なんだ、そっちか。スイーツの話したかったな。


「時期に関して、新人研修会のタイミングで間違いないと。またキーアイテムは遺物だと、そう視えたようです」

「やっぱり、そうか……」


新人研修会の時に、遺物が原因か何かで何かしらの事件が起きると。それが金色やナイフにも関係していると。

なるほどね。はいはい……いやかなり重要な情報ではあるけどこれで対策って難しくない?

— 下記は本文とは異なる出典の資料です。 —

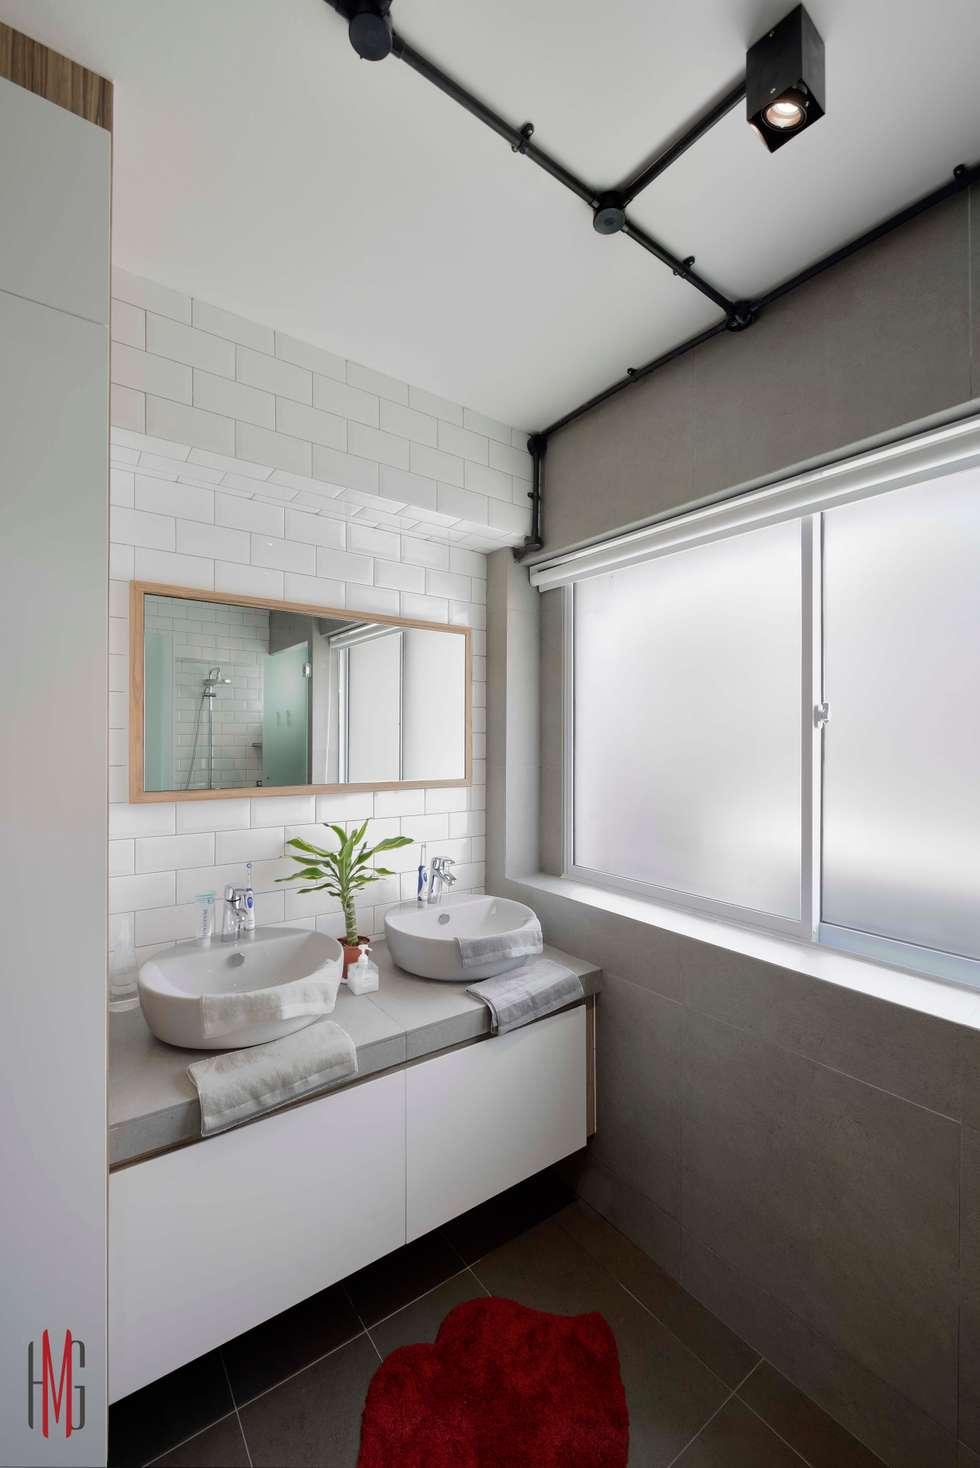 Studio Apartment Hdb modern bathroom photos: modern scandinavian hdb apartment | homify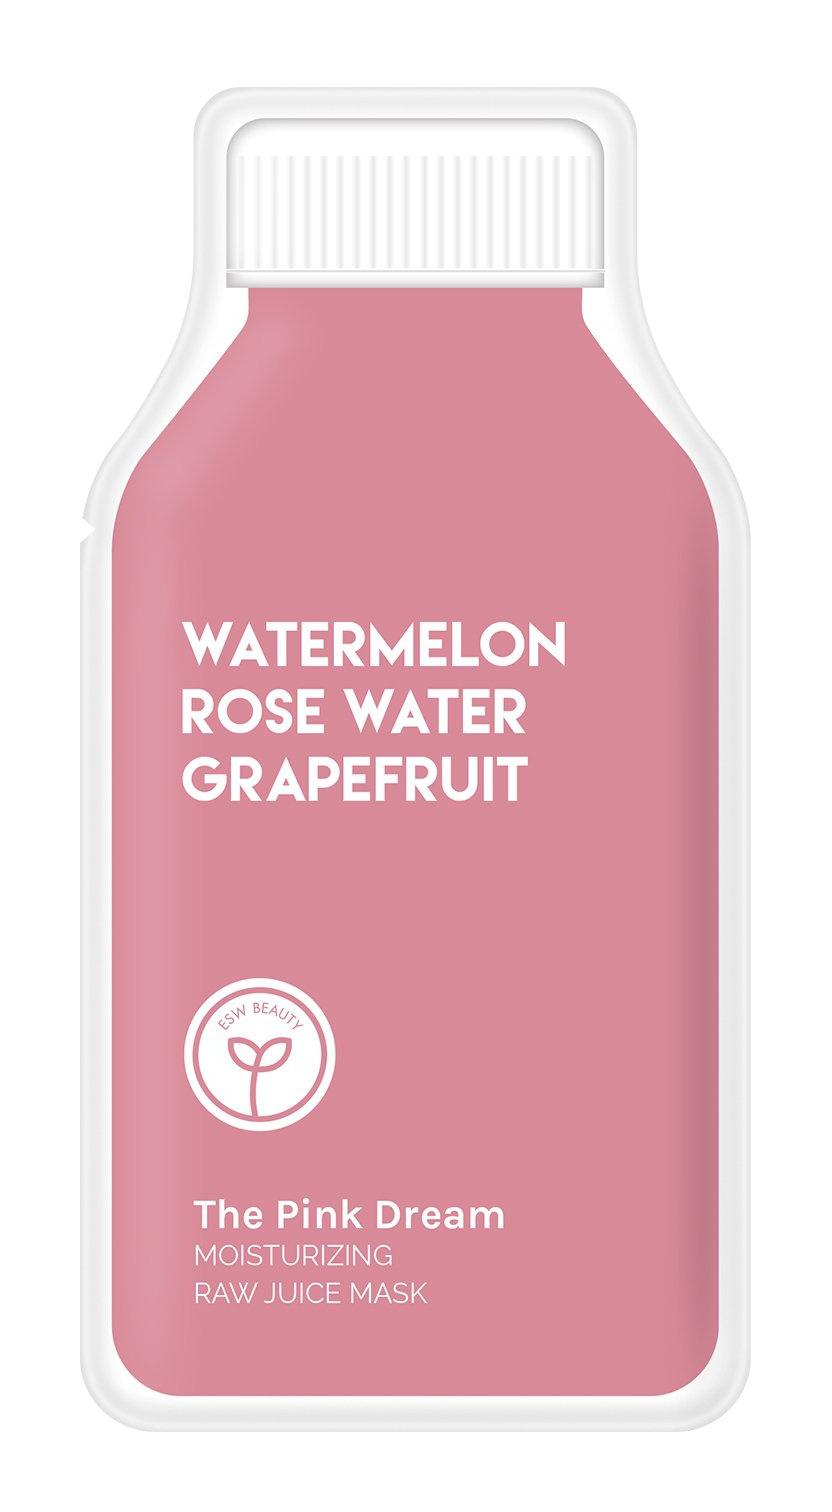 ESW Beauty The Pink Dream Moisturizing Raw Juice Face Mask

「遺物の件はキースにも相談しよう。新人研修会の対応はもう少し練り直して……そうだ姉さん、何か研修内容の別案思いついた?」

「いや全然まったく」

「だよね。なら遺跡に行く想定で……怪しい人物や参加者も調べて……」


ユーリスは手を口元に当てて考え込み始めてしまった。

私はそんな彼を横目にコーヒーを飲む。……苦いな。あと半分残ってるけどもういらないかも……


対策はユーリスに任せれば問題ない。

丸投げしているように思えるが、これは適材適所というやつだ。うん。私の適所が見当たらないけど。


「ギル、コーヒーあげる」

「おう!」

「ミーニャ、伝言ありがとね。スピカにも、占いありがとうって伝えといて」

「恐縮です。スピカにもその言葉、必ず伝えましょう。余の力が必要となった時には喜んで馳せ参じますから言ってください。では」


ミーニャは身を翻して去っていった。

来た時のバタバタ具合とは正反対のスマートな去り際だ。


「これ苦いなクリア!」

「苦いのよギル。ブラックコーヒーだよ」

「特訓のための飲み物か!?」

「いや全然違う。眠い時とか、集中したい時に飲むやつだよ」

「眠いなら寝ればいいんじゃないのか?眠いってことは夜だろ?」

「うーん……うん?まぁ、昼間に眠くなっちゃう人とかもいるんだよ…………ふぁ」


現に私はとても眠い。

だめだ、ブラックコーヒーでも太刀打ちできないとは、なんて強烈な眠気……これはもう昼寝するしかない。

部屋戻ってソファで昼寝しよ。あ、仮眠室の方でもいいなぁ。


「ギル、一緒に昼寝する?」

「! 昼寝か!する!!」

「ユーリス、私達昼寝するけど」

「あぁ、僕は執務室で研修会の内容を……ちょっと待って、姉さんは僕と一緒に対策練ってもらうからね?」


えぇ?眠いんだけど。

全部ユーリスに任せるってばぁ。